ゼロトラストセキュリティとは?必要性やソリューションを紹介
リモートワークやクラウドサービスの普及で、ネットワークの内部と外部を区別することが困難になり、新たなセキュリティアプローチが求められるようになりました。サイバー攻撃による被害拡大を防ぎ、情報資産を安全に保護するために注目されているのが「ゼロトラストセキュリティ」です。
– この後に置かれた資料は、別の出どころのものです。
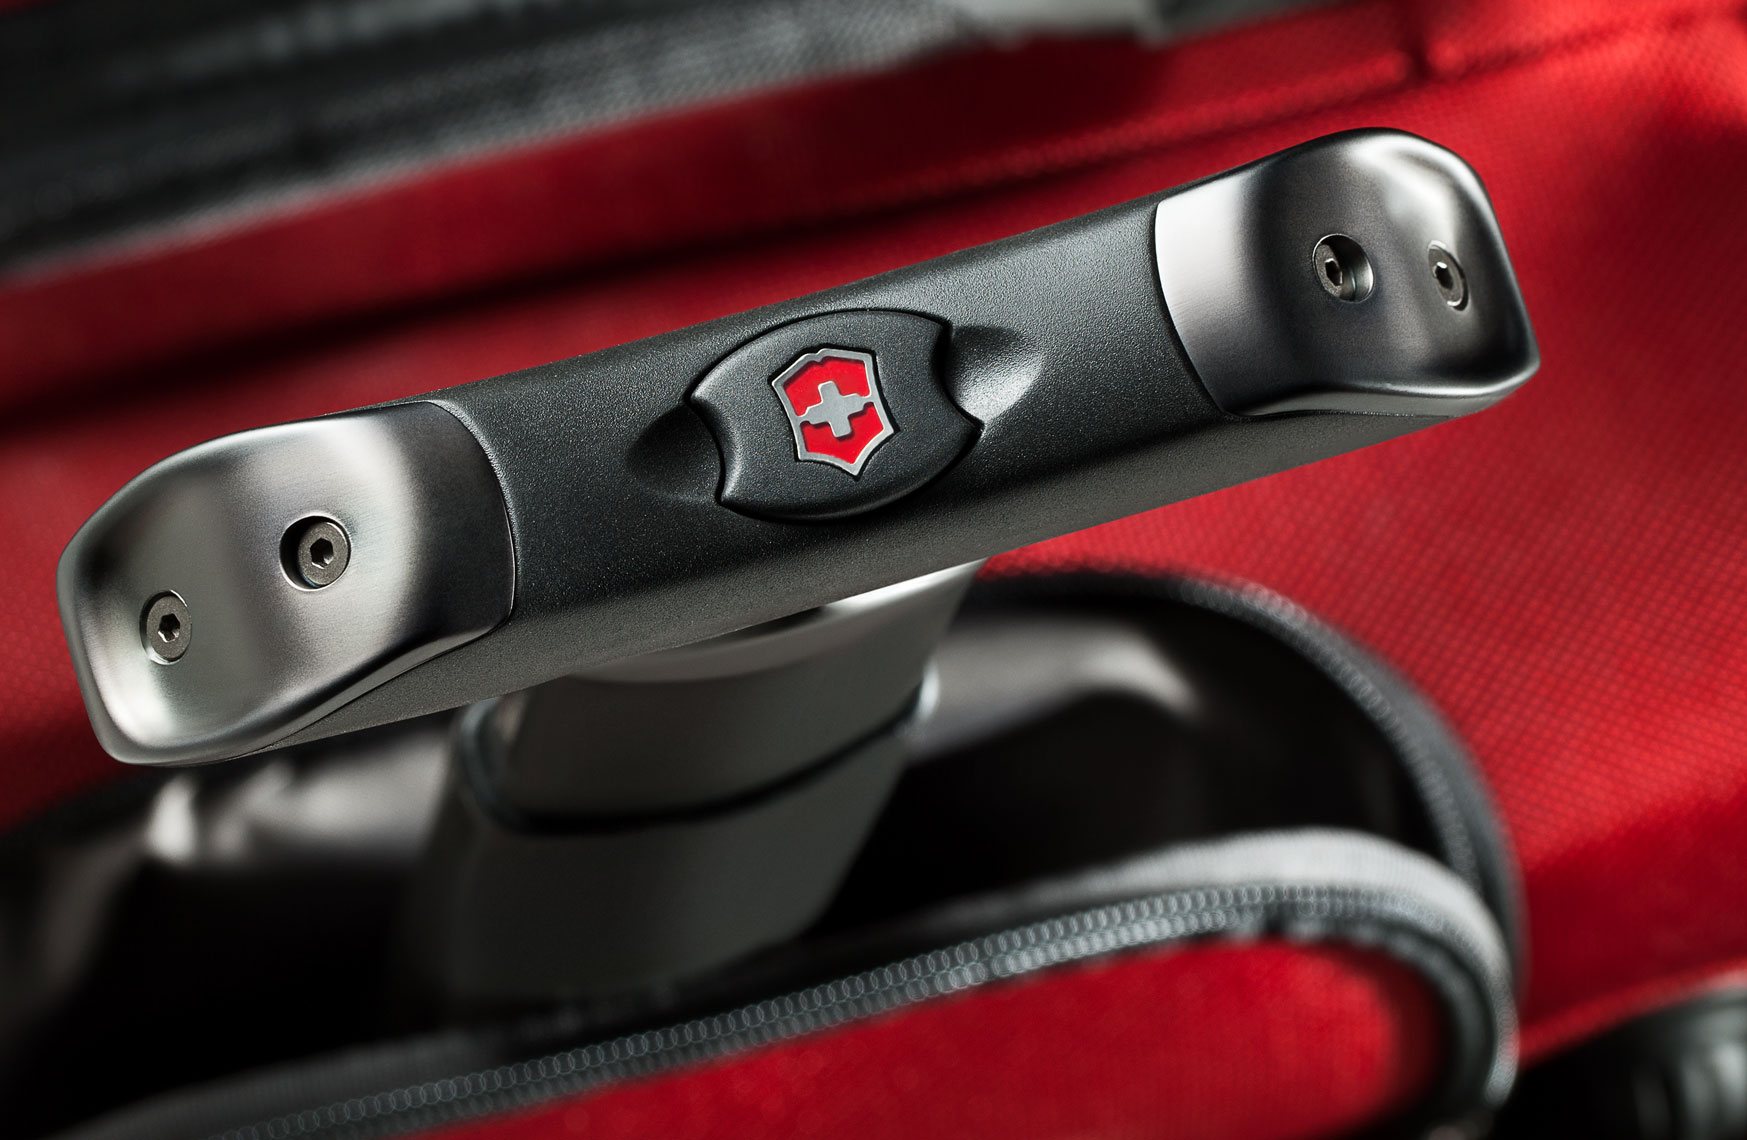 Product Photography Gear Victoronix Luggage Travel Beauty Detail Handle Red Metal Chicago
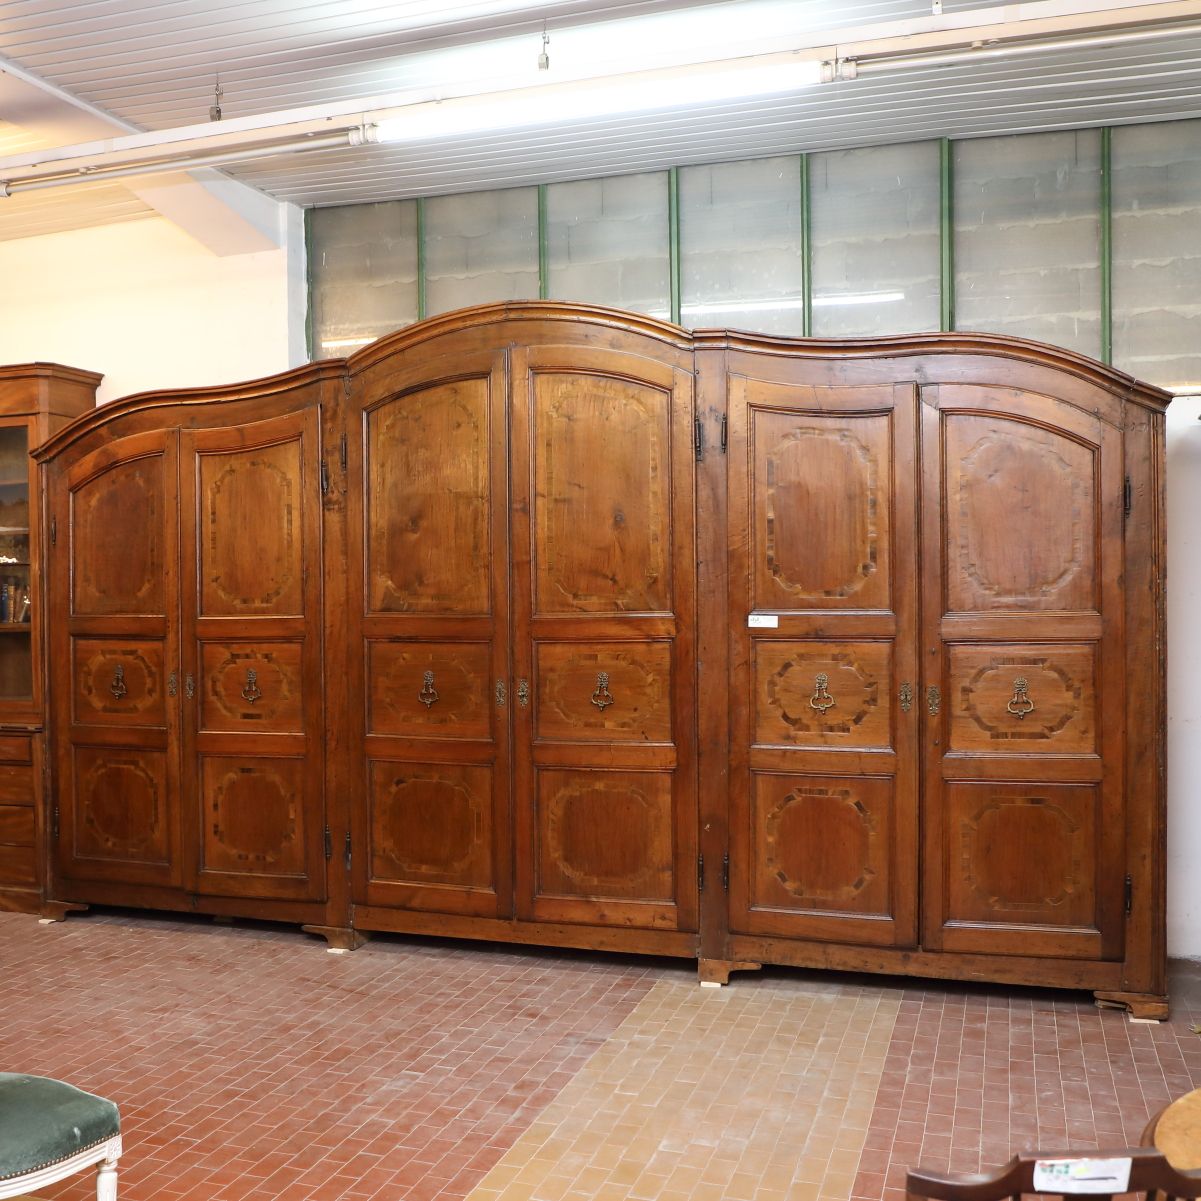 Italian Wardrobe With 6 Doors In Walnut With Inlays | Mobili Sisi Antique  Furniture Within 6 Doors Wardrobes (View 13 of 15)

本記事ではゼロトラストセキュリティの意味や注目される背景、メリット、具体的なソリューション、導入方法をわかりやすく解説するので、ぜひ参考にしてください。
ゼロトラストセキュリティとは?
ゼロトラストセキュリティとは、「すべてを信用しない」がコンセプトのセキュリティモデルのことです。すべてのアクセスは「信用できない外部からのアクセス」と見なされ、厳格な本人確認やアクセス権限付与の検討が必要となるため、より高い安全性を担保できます。
例えば以下のようなセキュリティ対策を行うことで、企業の情報資産はもちろん、情報を扱う端末や通信を保護します。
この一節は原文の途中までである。